TCE do Pará aprova à unanimidade contratos de OSs para atuar na pandemia
Interior do antigo Hospital de Campanha de Santarém, já desativado. Foto: Agência Pará

O colegiado do TCE (Tribunal de Contas do Pará), órgão fiscalizador das contas do Governo do Estado, aprovou por unanimidade a contratação de Organizações Sociais (OS) para atuarem nas ações de enfrentamento à pandemia do novo coronavírus.

A aprovação foi publicada no Diário Oficial desta terça-feira (6), com a Resolução 19218.

 

Os contratos analisados e aprovados envolvem a contratação dos serviços prestados à população pelos Hospitais de Campanha de Marabá, Santarém, Breves e Belém.

Em 14 itens analisados e destacados,  o TCE afirma que não houve irregularidades, prejuízo ao Estado ou prática de preços abusivos na contratação das OSs.

O órgão de controle afirmou ainda que o Estado não direcionou ilicitamente a contratação das Organizações Sociais e destacou que não houve sobrepreço para montagem dos hospitais de campanha.

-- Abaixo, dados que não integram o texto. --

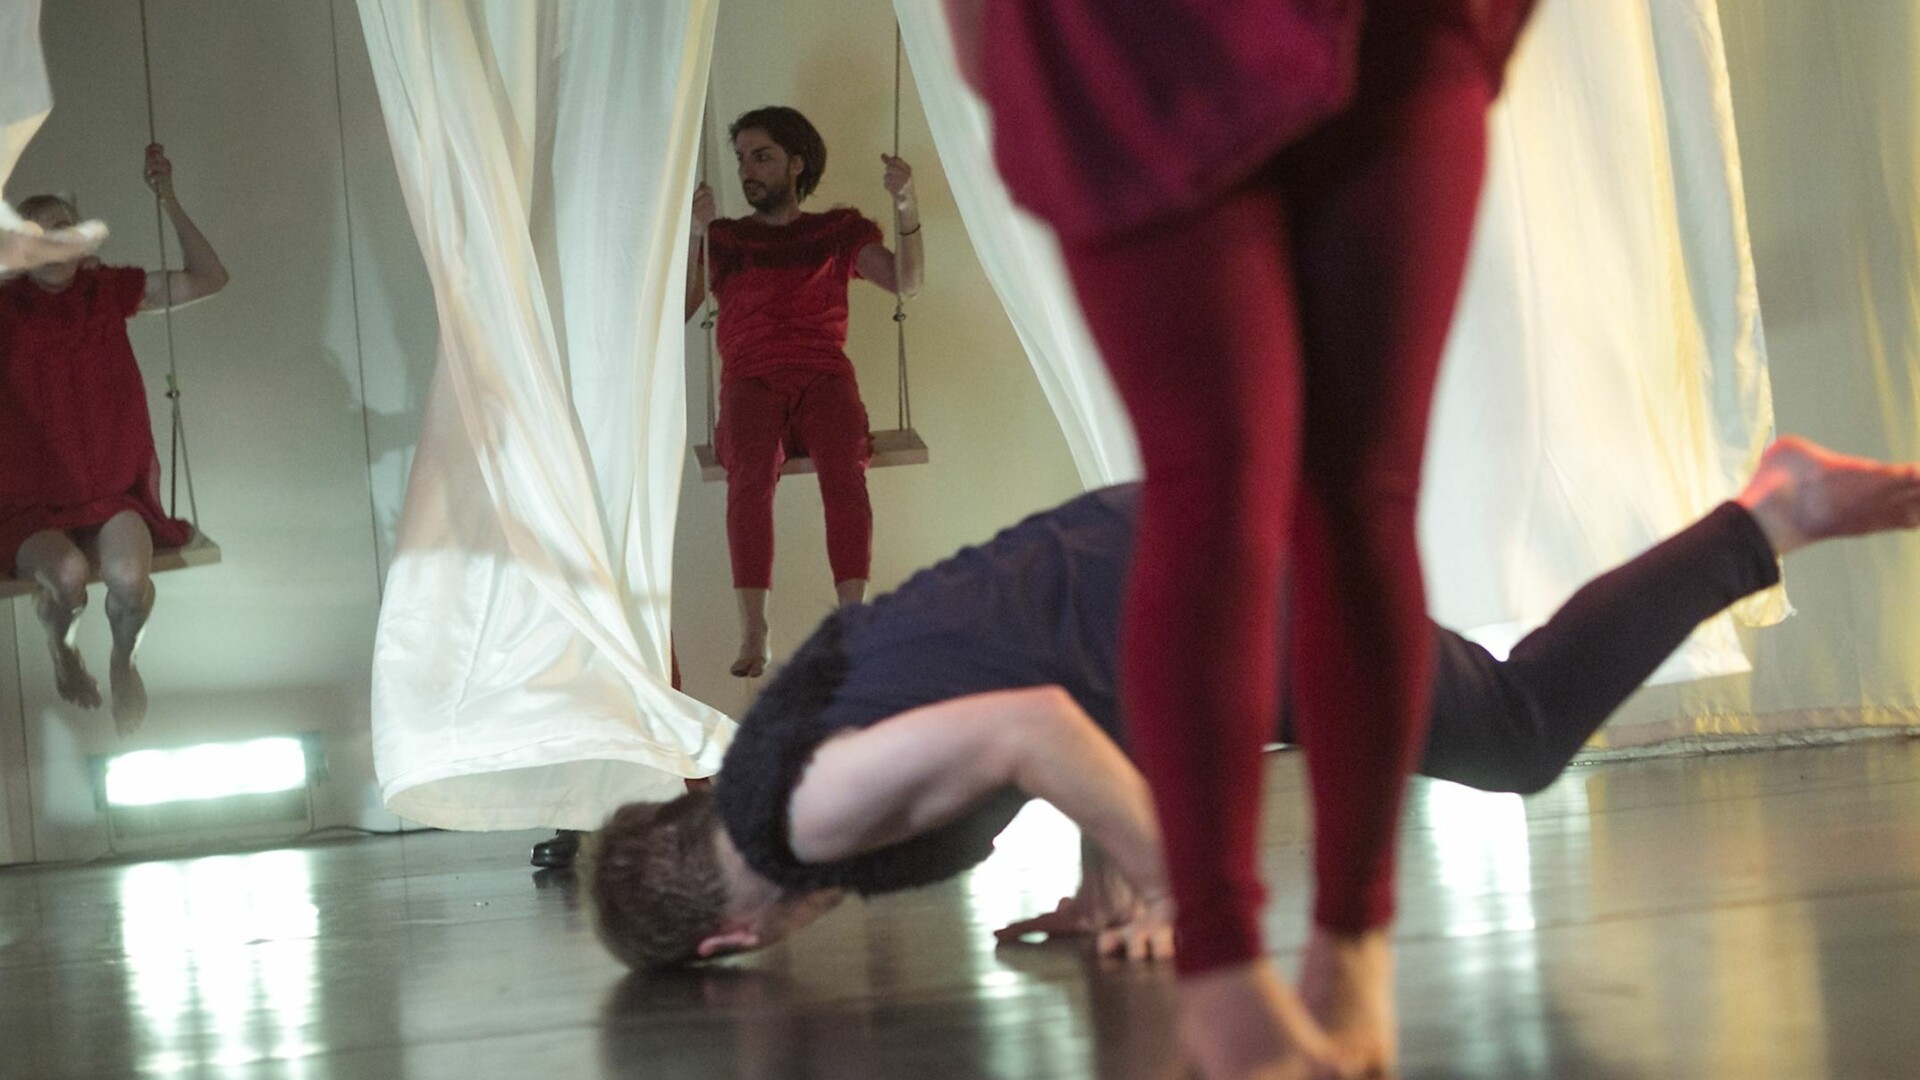 Szenenfoto: Ein Mann dreht sich am Boden, im Vordergrund sind Beine zu sehen, im Hintergrund zwei Menschen auf Schaukeln, die zwischen weißen Vorhaengen schaukeln

Os destaques da avaliação do TCE

– Não houve irregularidades na formação dos processos;

– Não houve divergência na publicação dos instrumentos contratuais;

– As Organizações Sociais de Saúde contratadas encontram-se regulares com as suas obrigações fiscais e trabalhistas;

– A escolha das contratadas foi devidamente motivada e não houve redirecionamento ilícito das contratações;

– A prestação de serviços às OSs por pessoas jurídicas, por si só, não constitui uma ilegalidade e é validada pela legislação pátria, pelos instrumentos contratuais e pela jurisprudência dos tribunais superiores;

– Todos os preços praticados pelo Estado estavam compatíveis com as peculiaridades regionais e nacionais aplicáveis a cada caso concreto, e em nada destoam da média dos preços praticados no Brasil;

– Trata-se de situação de emergência de saúde pública de importância internacional, sem precedentes, pelo que não seria possível se basear em experiências anteriores para definir o quantitativo de leitos;

– A Administração já constituiu o Grupo de Trabalho dos Hospitais que atuaram na pandemia (GT – Hospitais), que solicitou ao Setor de Patrimônio o tombamento e inventário dos bens que integram o acervo dos Hospitais de Campanha;

– É ônus da própria OS o estabelecimento de rotinas e procedimentos de compra/aquisição de bens e serviços, e por não integrarem a administração pública direta ou indireta, não precisariam seguir os estritos termos da Lei Federal 8.666/1993;

– Já foi formada, pela Administração, Comissão Fiscalizadora dos contratos;

– Todas as despesas relativas aos Hospitais de Campanha foram pagas pela atual gestão da Sespa, observando-se os procedimentos de realização da despesa;

 

– Todas as OSS contratadas inseriram em seus sítios eletrônicos os serviços pactuados;

– Não houve sobrepreço para montagem dos hospitais de campanha, tampouco desproporcionalidade na aquisição de bens, dado que os preços praticados levaram em consideração a urgência da necessidade e a especialidade da empresa;

– Não houve prejuízo ao Estado decorrente das contratações.

Avaliação técnica  

O tema, que entrou na pauta do TCE, em sessão realizada na última terça-feira (29), analisou Pedido de Revisão de Medida Cautelar concedida nos autos da representação formulada pela Secretaria de Controle Externo (Secex) do Tribunal de Contas da União (TCU). 

Ainda de acordo com a publicação, após a aprovação do TCE, o processo segue para Secex para que elaboração de relatório conclusivo, podendo requerer, caso entenda necessário, qualquer medida instrutória ou cautelar a esta Relatora; elaborado o Relatório Conclusivo, siga o feito ao Ministério Público de Contas.

O Tribunal de Contas do Pará informou à Secretaria de Estado de Saúde Pública (Sespa), o Ministério Público de Contas (MPC), a Procuradoria Geral do Estado (PGE), o Instituto Panamericano de Gestão (IPG), o Instituto Nacional de Assistência Integral (INAI) e a Associação da Irmandade da Santa Casa de Misericórdia de Pacaembu sobre a aprovação das contratações.